The cancer patient are delivered like 20-80Gy into the tumor and surrounding tissues which just kills cells outright.
It's not really the radiation from radon itself which is the problem, but rather radon's daughters. Radon is a noble gas, so it's not going to accumulate in you and doesn't get much chance to do damage to people even if they inhale it; they'll just exhale it moments later before barely any of it can decay. But radon's daughters, the chain of atoms which are produced from the decay of radon and each other, aren't gases, so if stagnant air with radon sticks around it's going to 'rain' an atomic dust of radioactive isotopes which can accumulate and, if disturbed, can be inhaled and stick with people.
Wow! I've actually used T-Gel because I used to get dandruff really bad as a teen and it was pretty effective. It's horrifying to know what it really was.
I used it briefly and then researched it and it seemed like at the time (mid-2000s), nobody could say which of the menagerie of components of the coal tar was actually the effective one.
A recent Peter Attia Drive podcast has an interview with Dr. Sanjay Mehta, a radiation oncologist who has recently also started using low-dose radiation to treat arthritis. Empirically the results seem quite encouraging.
Glad to see this! We need better treatments for OA short of a joint replacement.
I'm not too surprised that this treatment works. It's essentially like localized steroids to just the joint- killing off the immune cells causing inflammation.
Good features is that it's localized (so no systemic immunosuppression) and the risk of cancer is low since you rarely get radiation-induced cancer in joints because there's not enough dividing cells. Unfortunately heading to radiotherapy is a logistical challenge, but there are enough people suffering from OA that would happily do this to get relief.

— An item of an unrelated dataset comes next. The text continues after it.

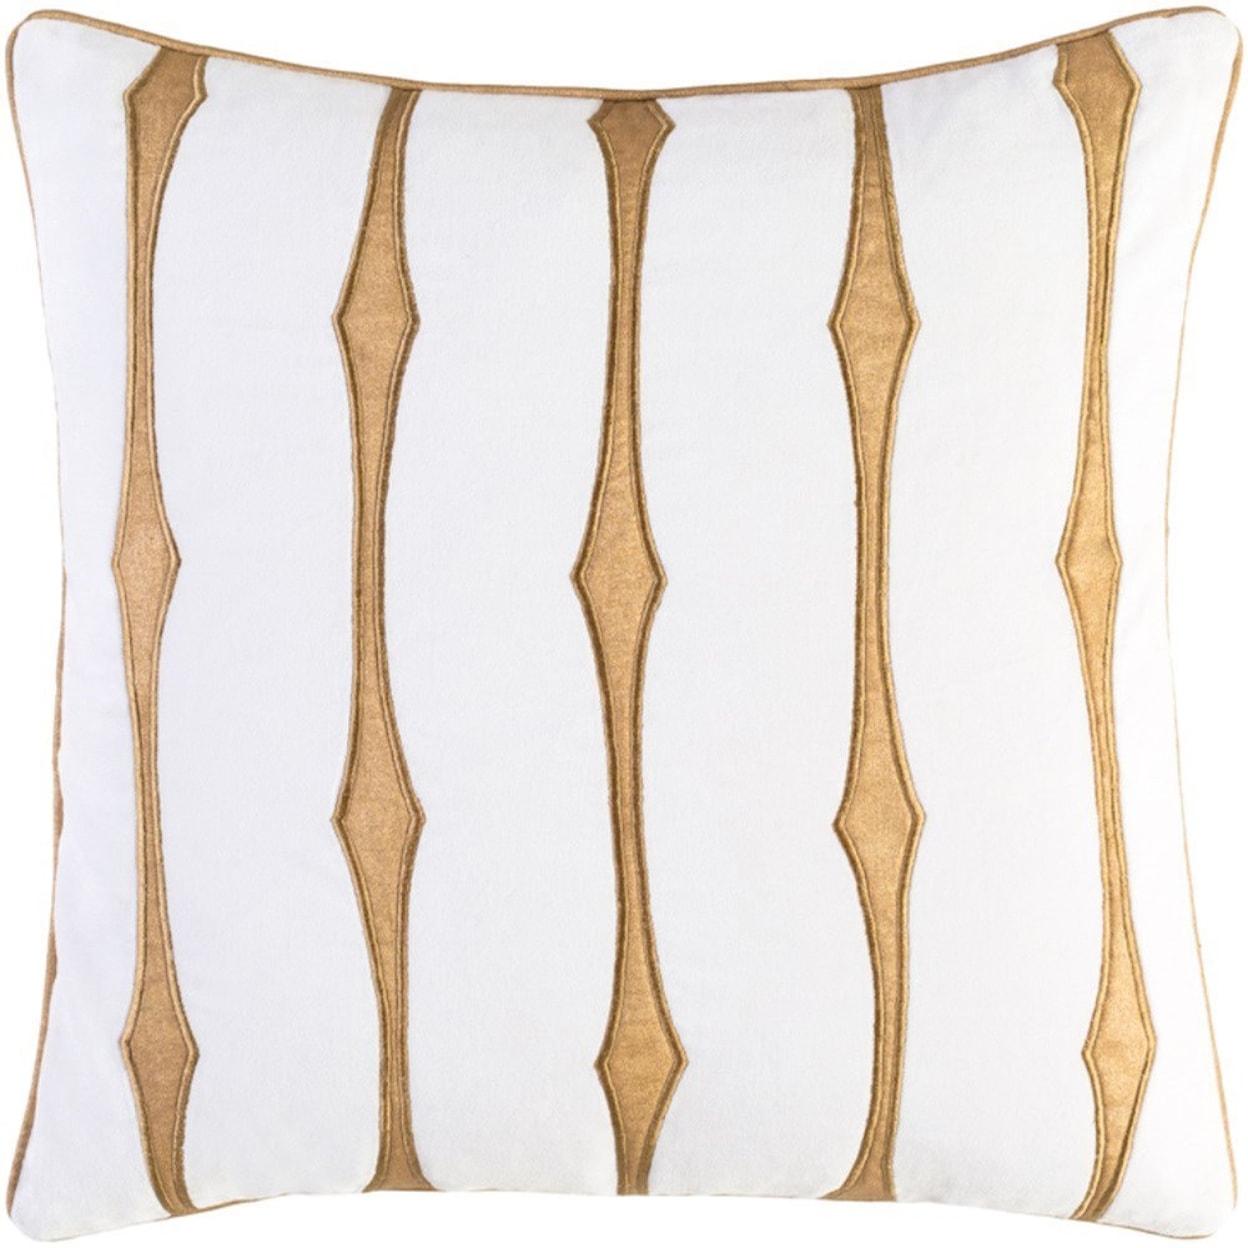 Surya Graphic Stripe Pillow

For centuries, in Bulgaria, since Roman times, people have been bathing in slightly radioactive water to treat osteoarthritis. I'm not sure how this is news or an invention when it's been around for centuries and has been the standard of care in Bulgaria for decades. There are sanatoriums and spa centers in Pavel Banya, Bulgaria [0], and I know many friends who go there once or twice a year for treatments and swear they couldn't live without them!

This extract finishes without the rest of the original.